◆ SOURCE DATA:
════════
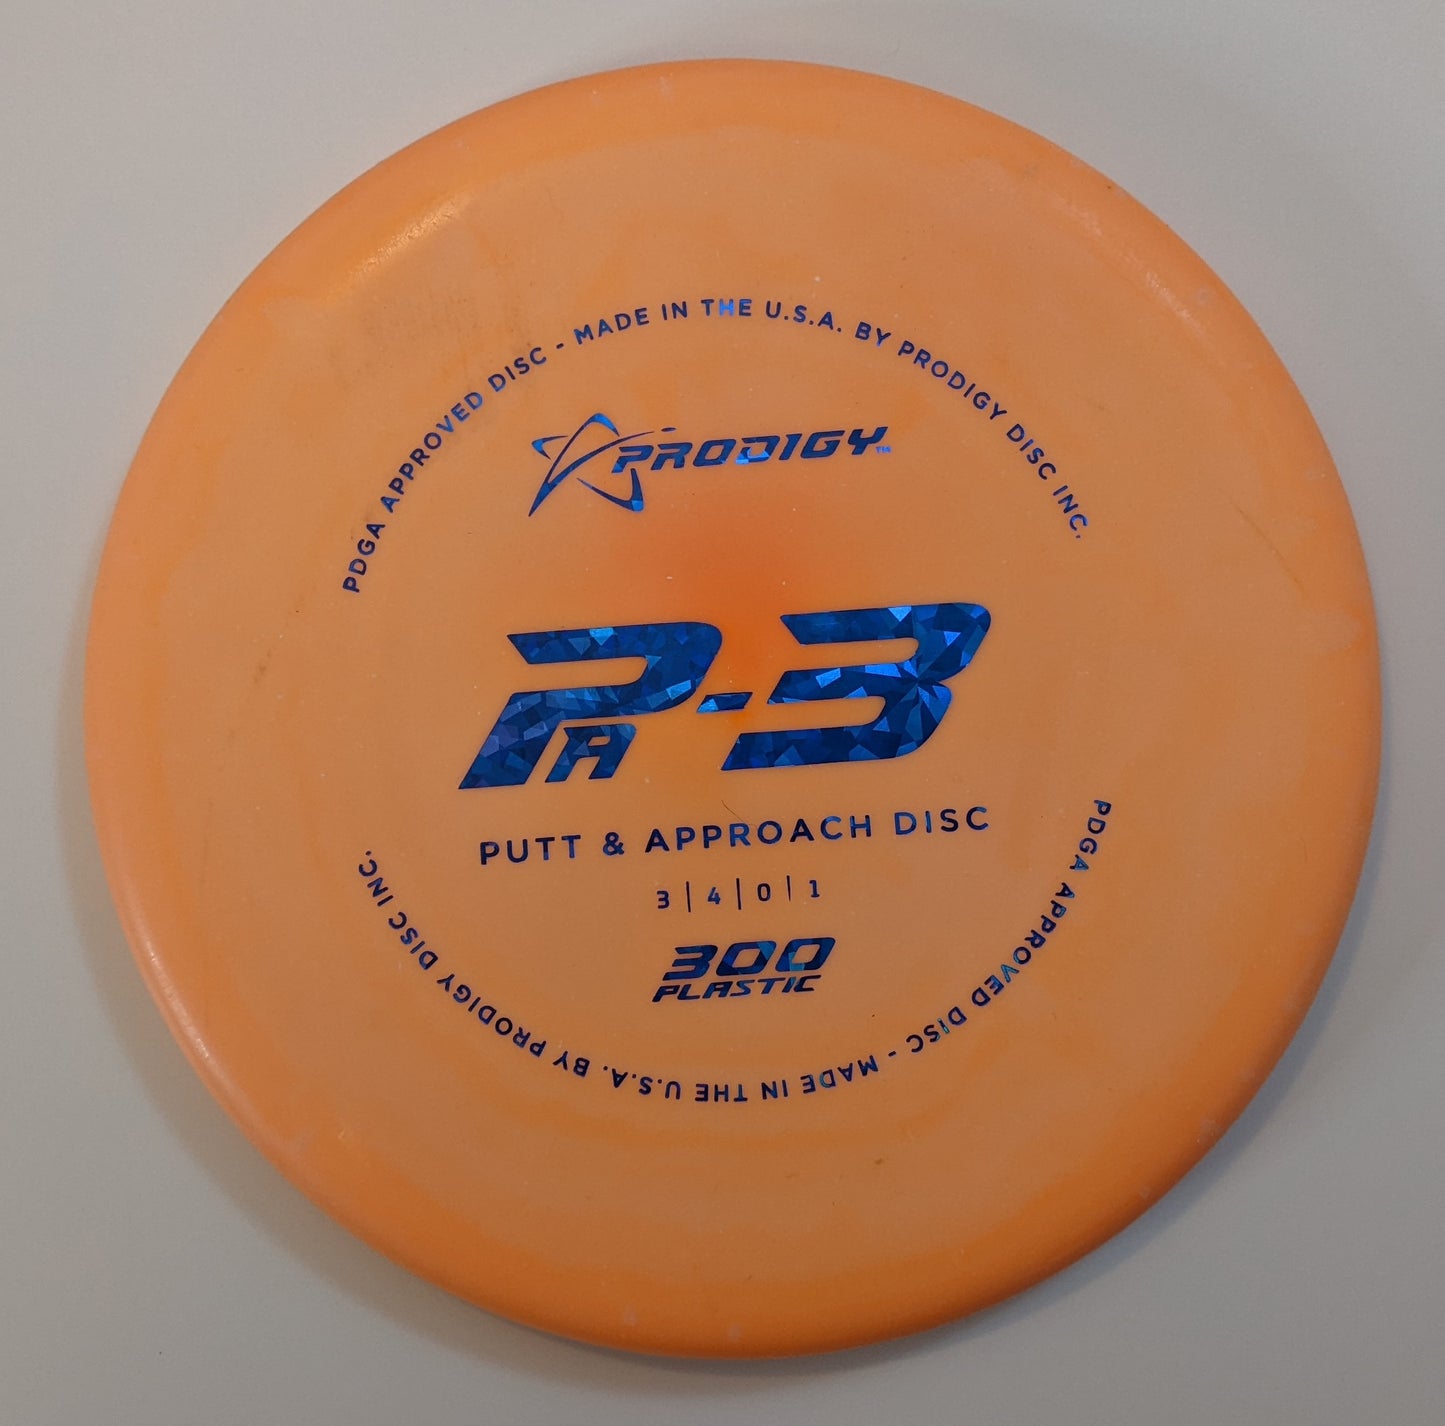 Prodigy PA-3 Putter (300 Plastic)
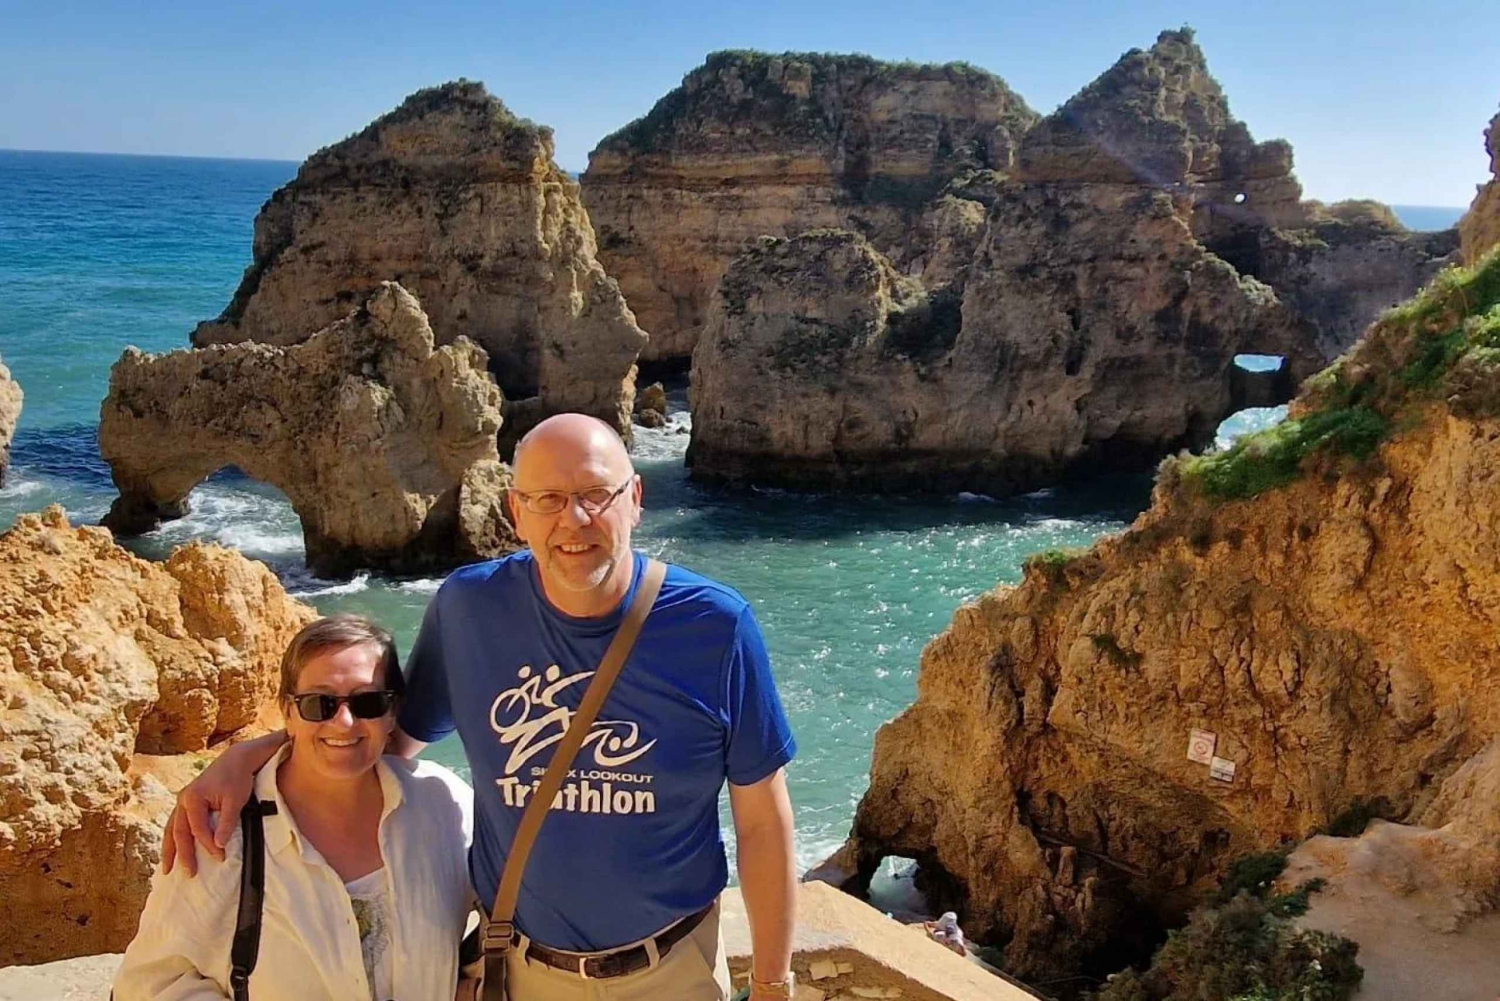 Prywatna całodniowa wycieczka po zachodnim wybrzeżu Algarve - z Faro
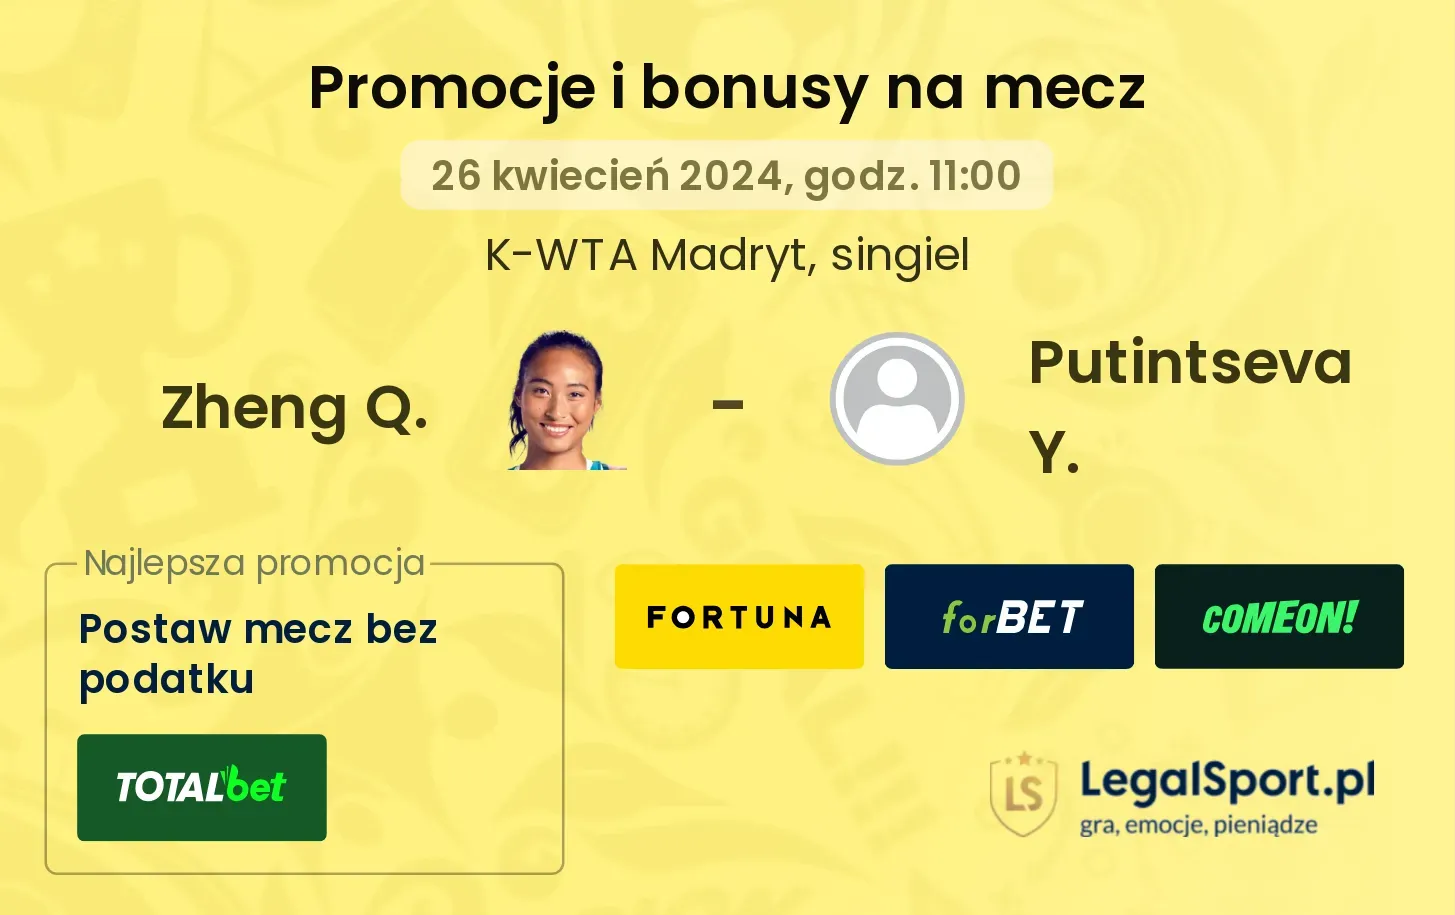 Zheng Q. - Putintseva Y. promocje bonusy na mecz
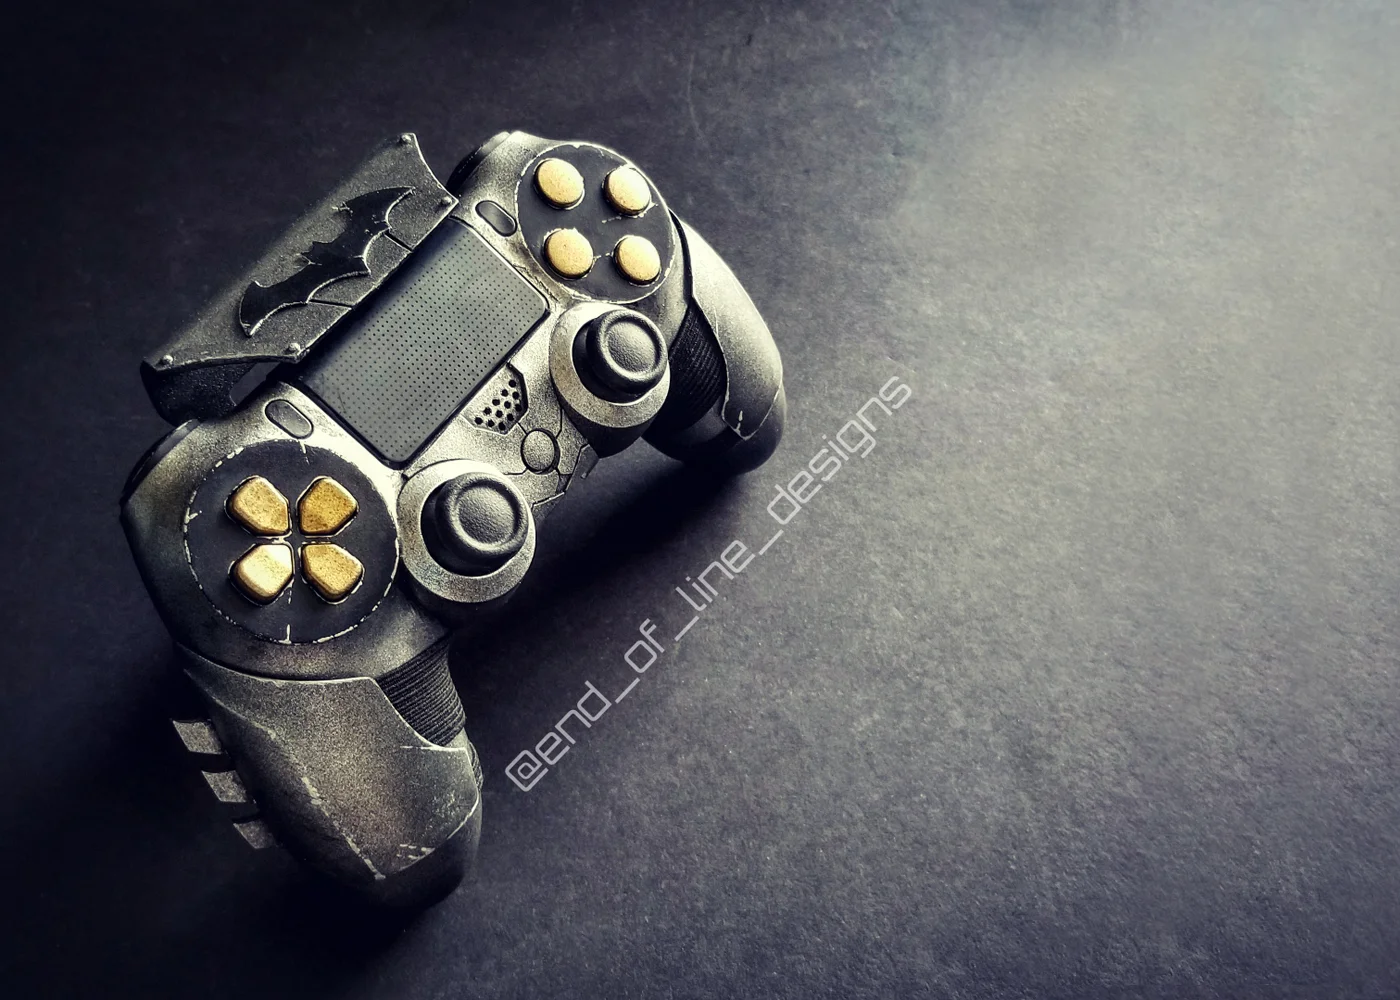 Взгляните на потрясающий контроллер для PS4 в стиле Бэтмена, сделанный вручную - фото 3
════════
◆ WHAT NEEDS TO BE DONE: In your copy of the listing above, reproduce each line exactly and omit all pictures.

◆ EXERCISE RESULT:
 Prodigy PA-3 Putter (300 Plastic)
 Prywatna całodniowa wycieczka po zachodnim wybrzeżu Algarve - z Faro
 Zheng Q. - Putintseva Y. promocje bonusy na mecz
 Взгляните на потрясающий контроллер для PS4 в стиле Бэтмена, сделанный вручную - фото 3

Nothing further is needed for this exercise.